About this exercise ::
Quote all of the data exactly as given. Skip every picture it contains.

Collected data ::
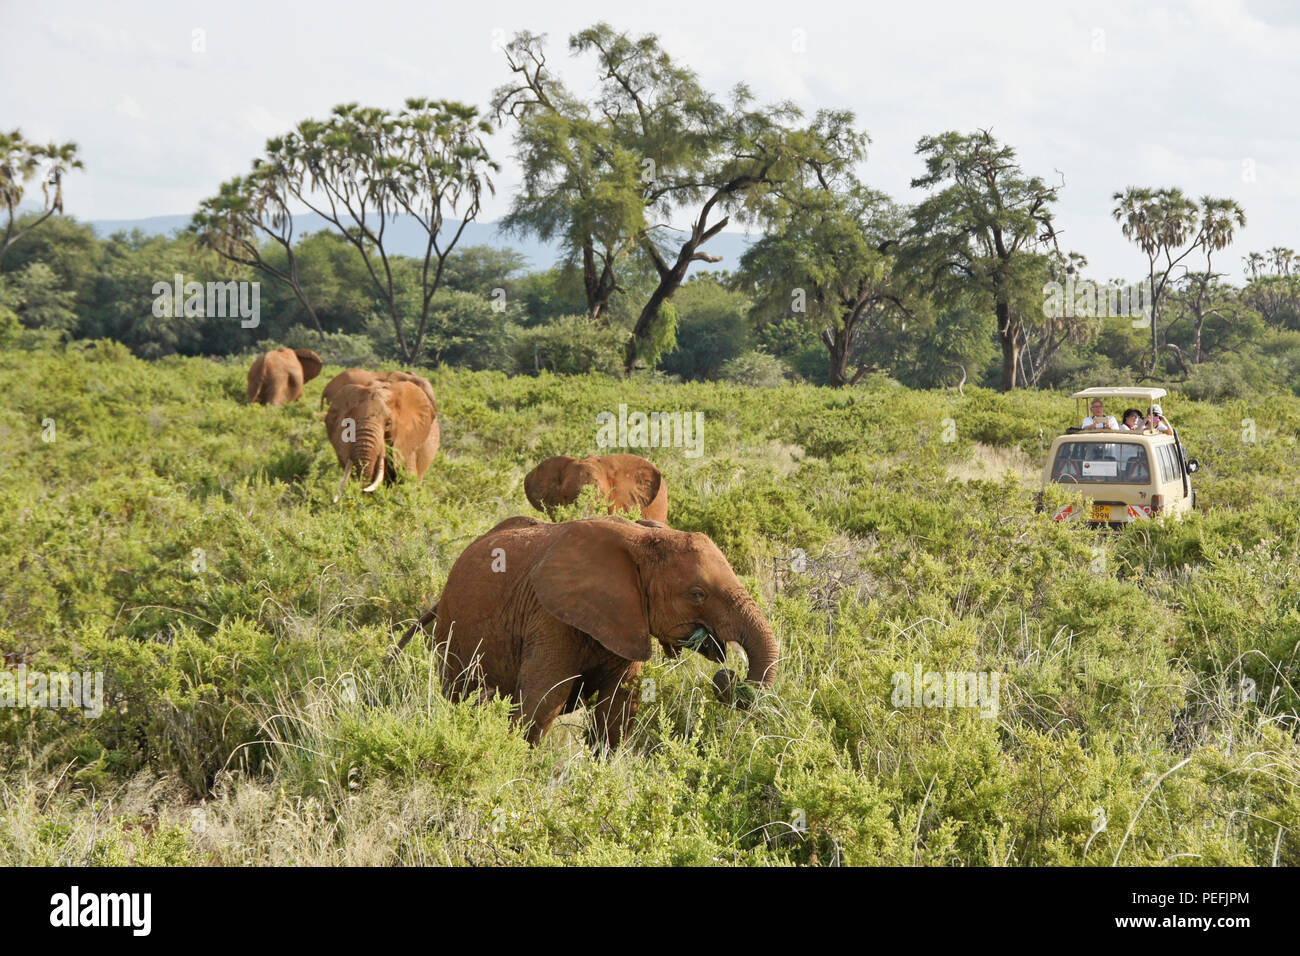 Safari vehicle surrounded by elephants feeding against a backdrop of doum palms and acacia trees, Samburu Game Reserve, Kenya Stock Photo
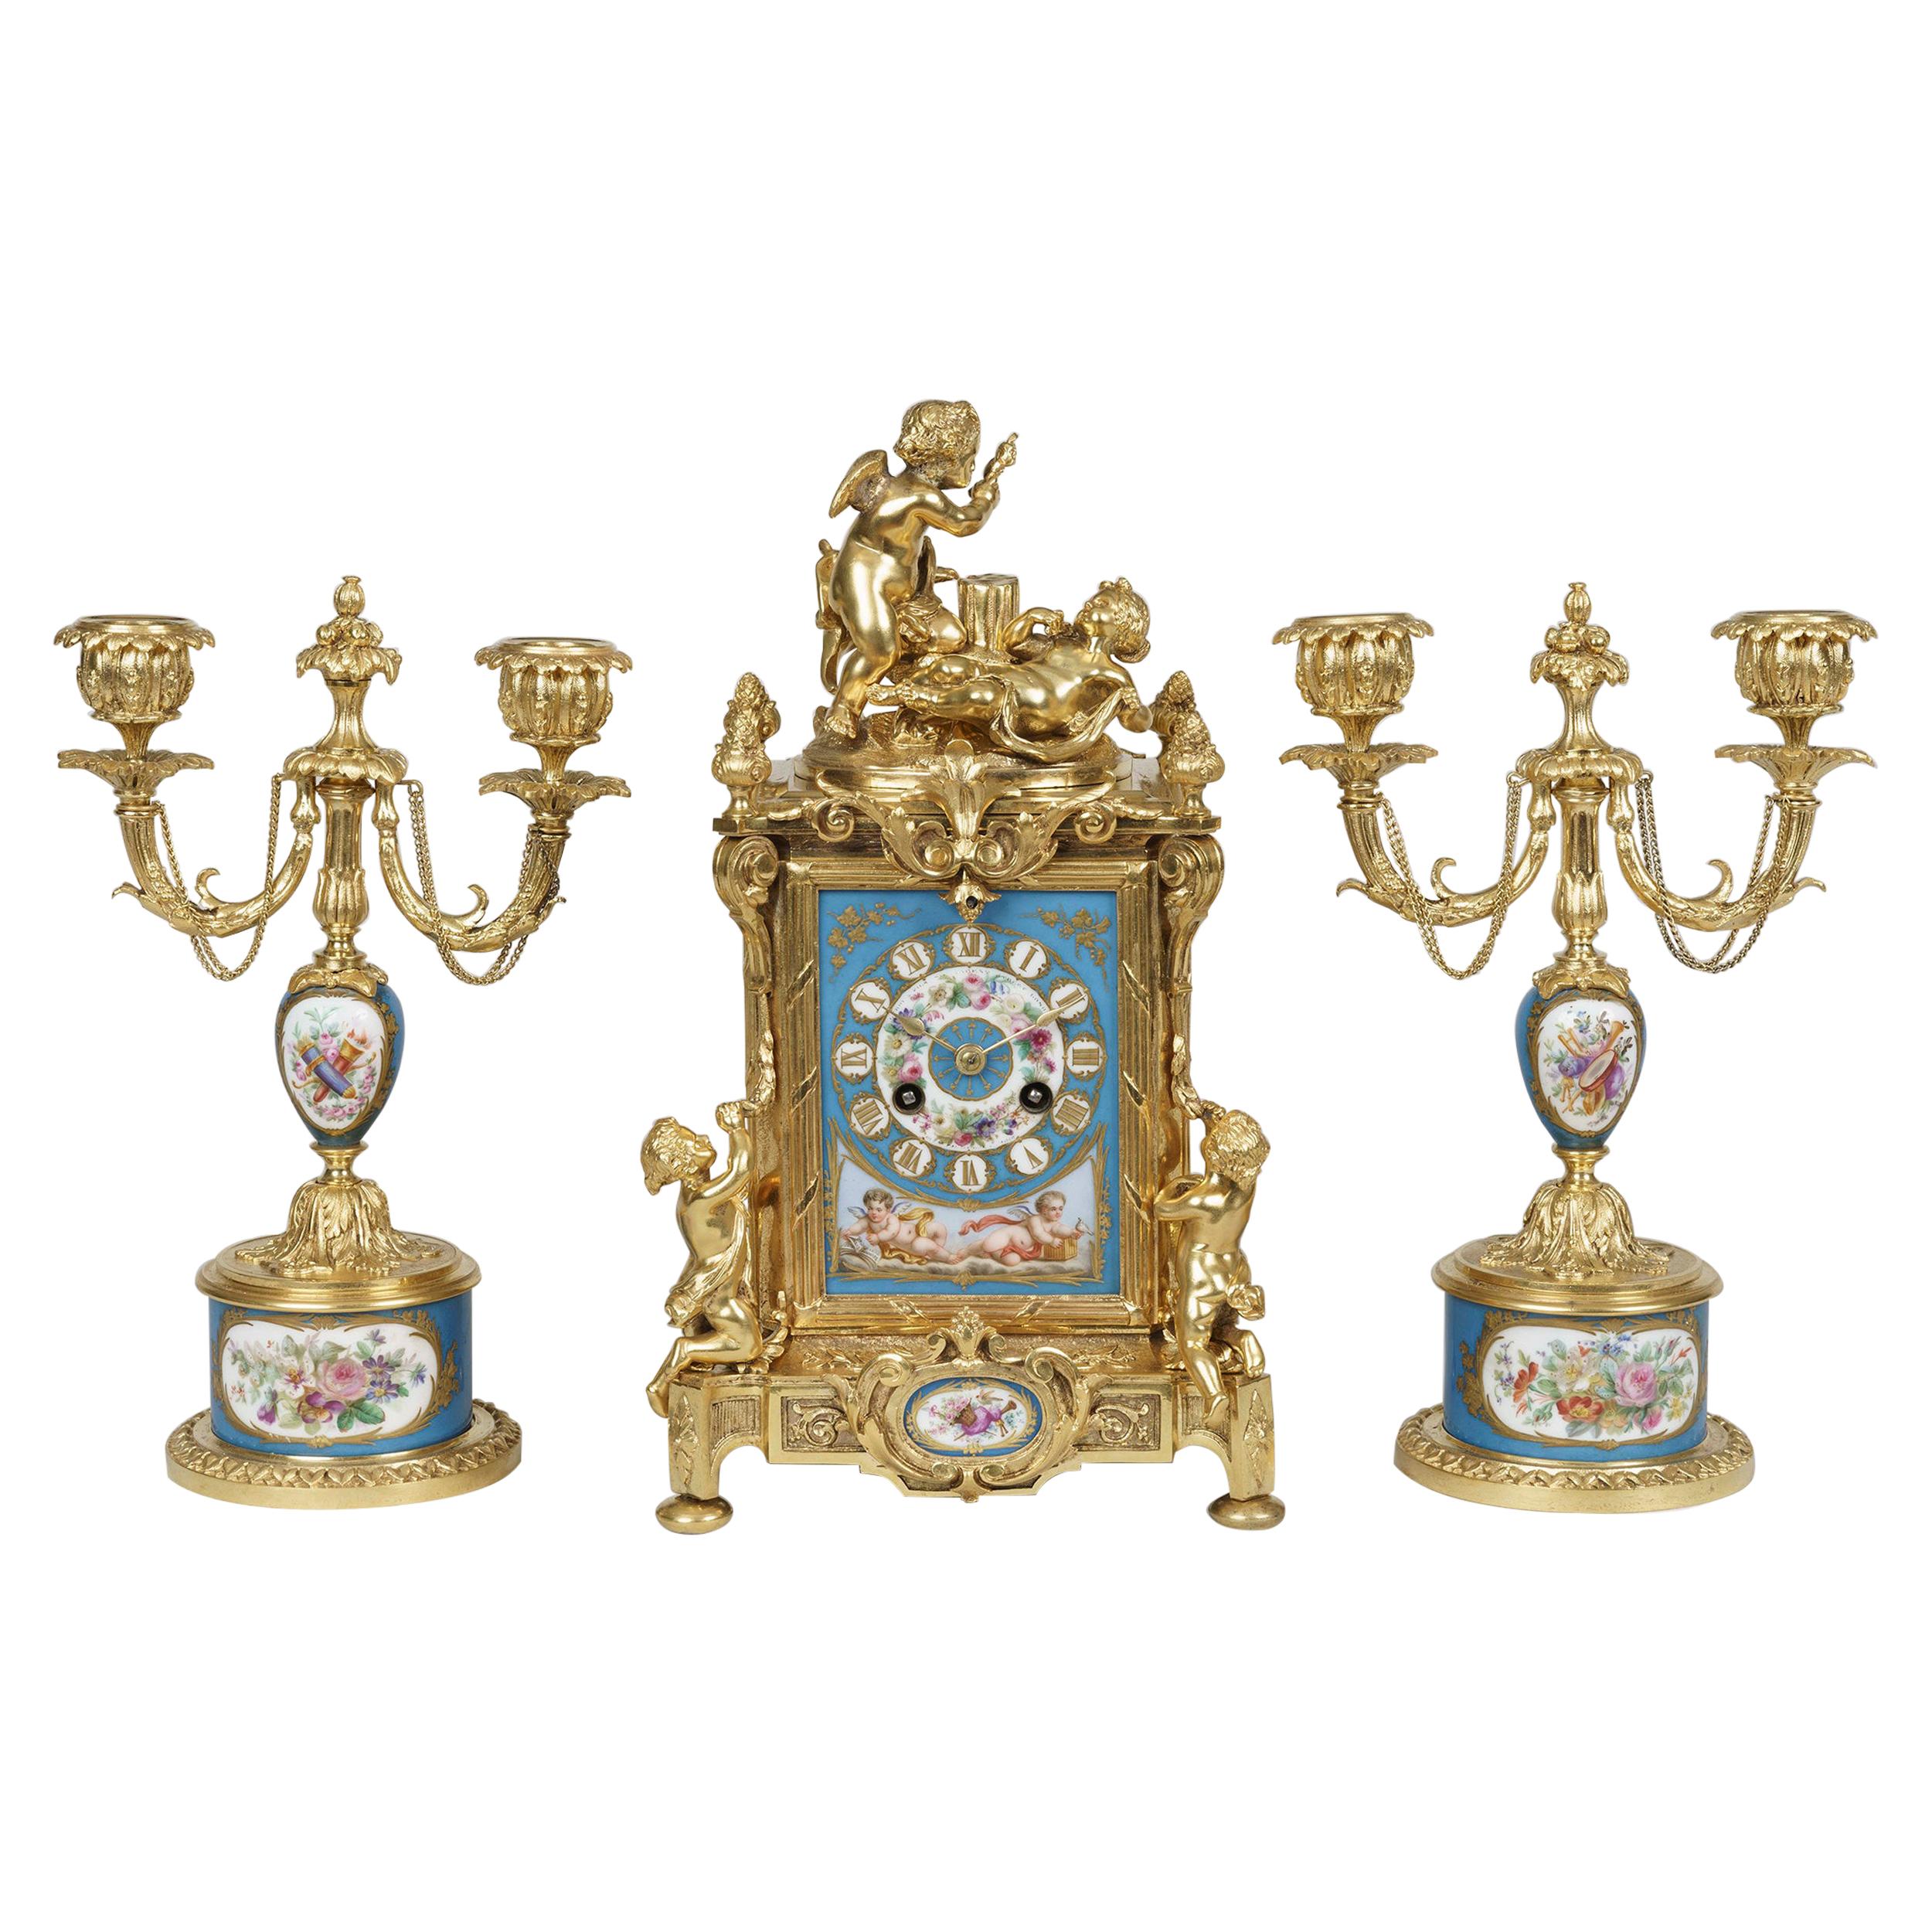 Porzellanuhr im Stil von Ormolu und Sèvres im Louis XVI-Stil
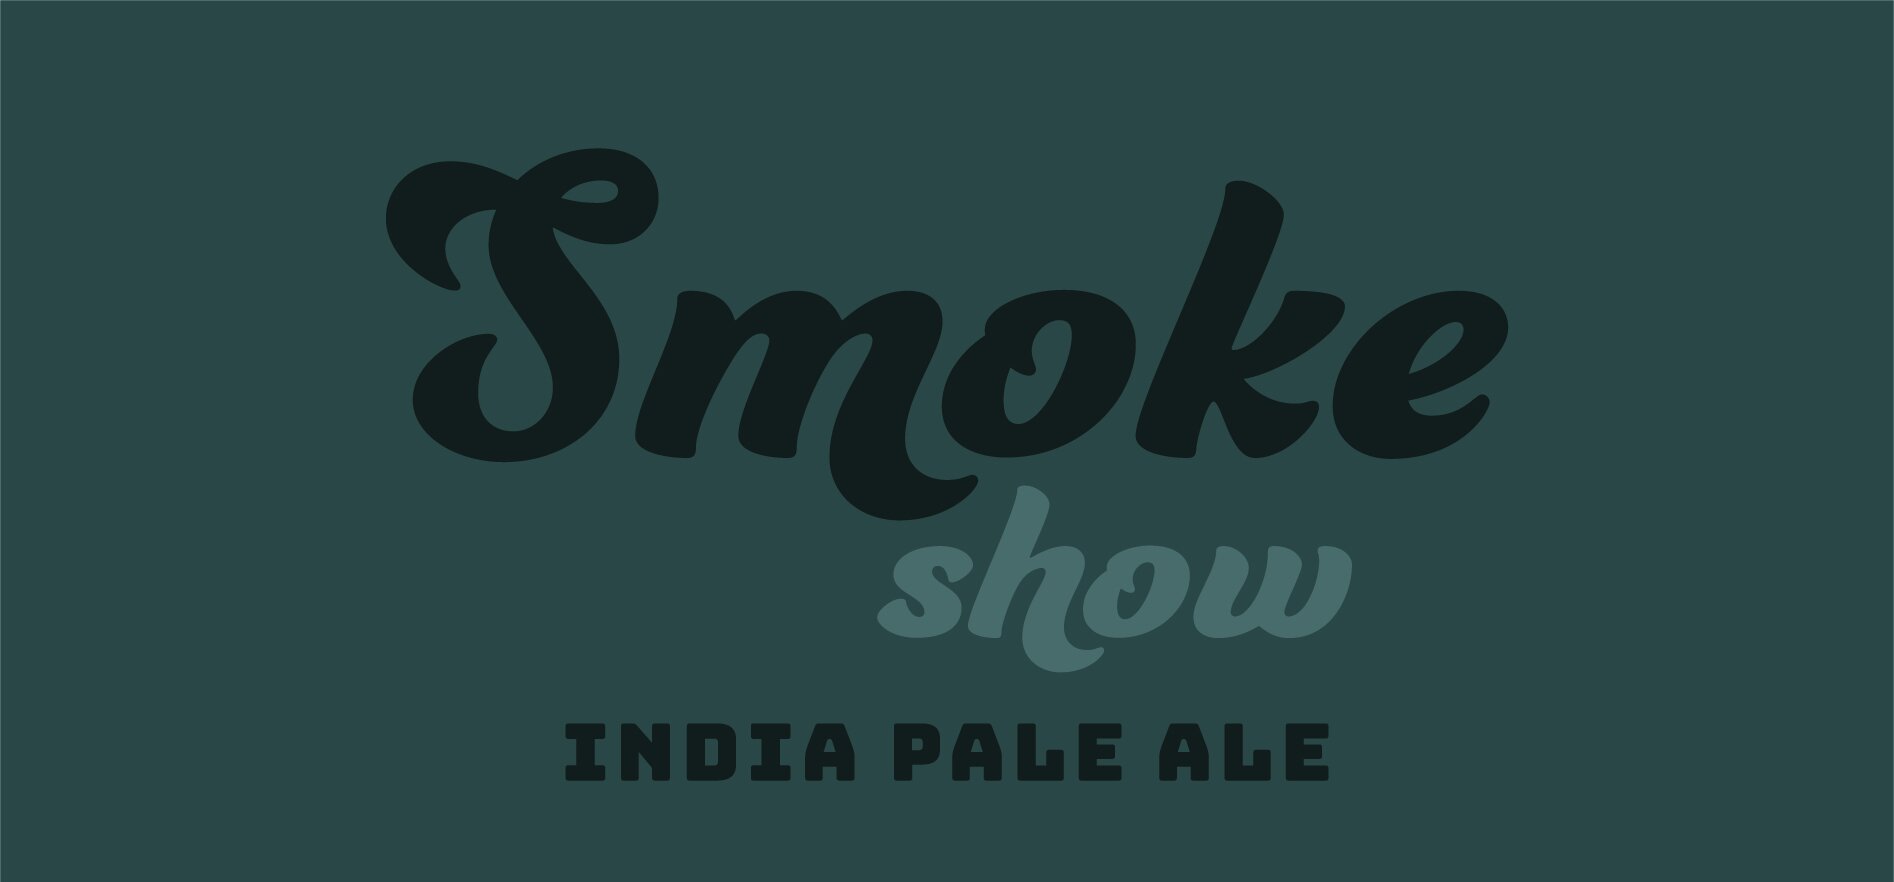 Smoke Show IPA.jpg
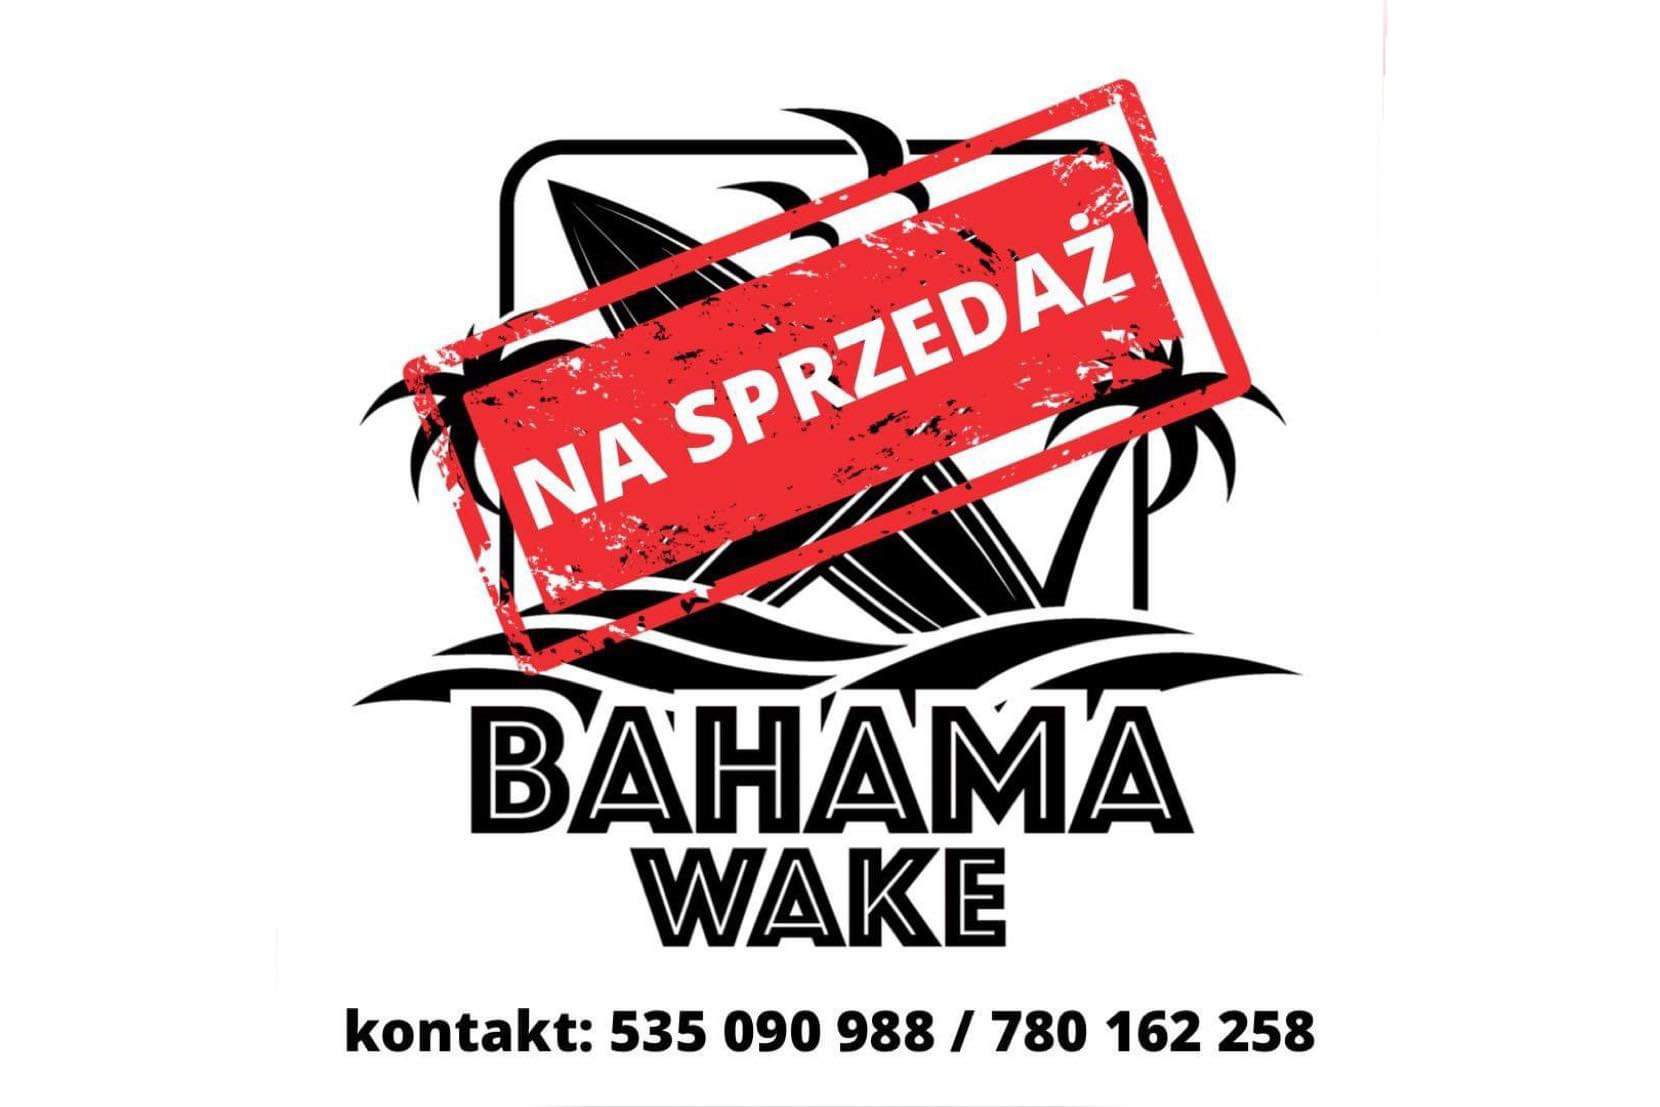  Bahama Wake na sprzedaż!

Answer box ::
 Safari vehicle surrounded by elephants feeding against a backdrop of doum palms and acacia trees, Samburu Game Reserve, Kenya Stock Photo
 Porzellanuhr im Stil von Ormolu und Sèvres im Louis XVI-Stil
 Smoke Show IPA.jpg
  Bahama Wake na sprzedaż!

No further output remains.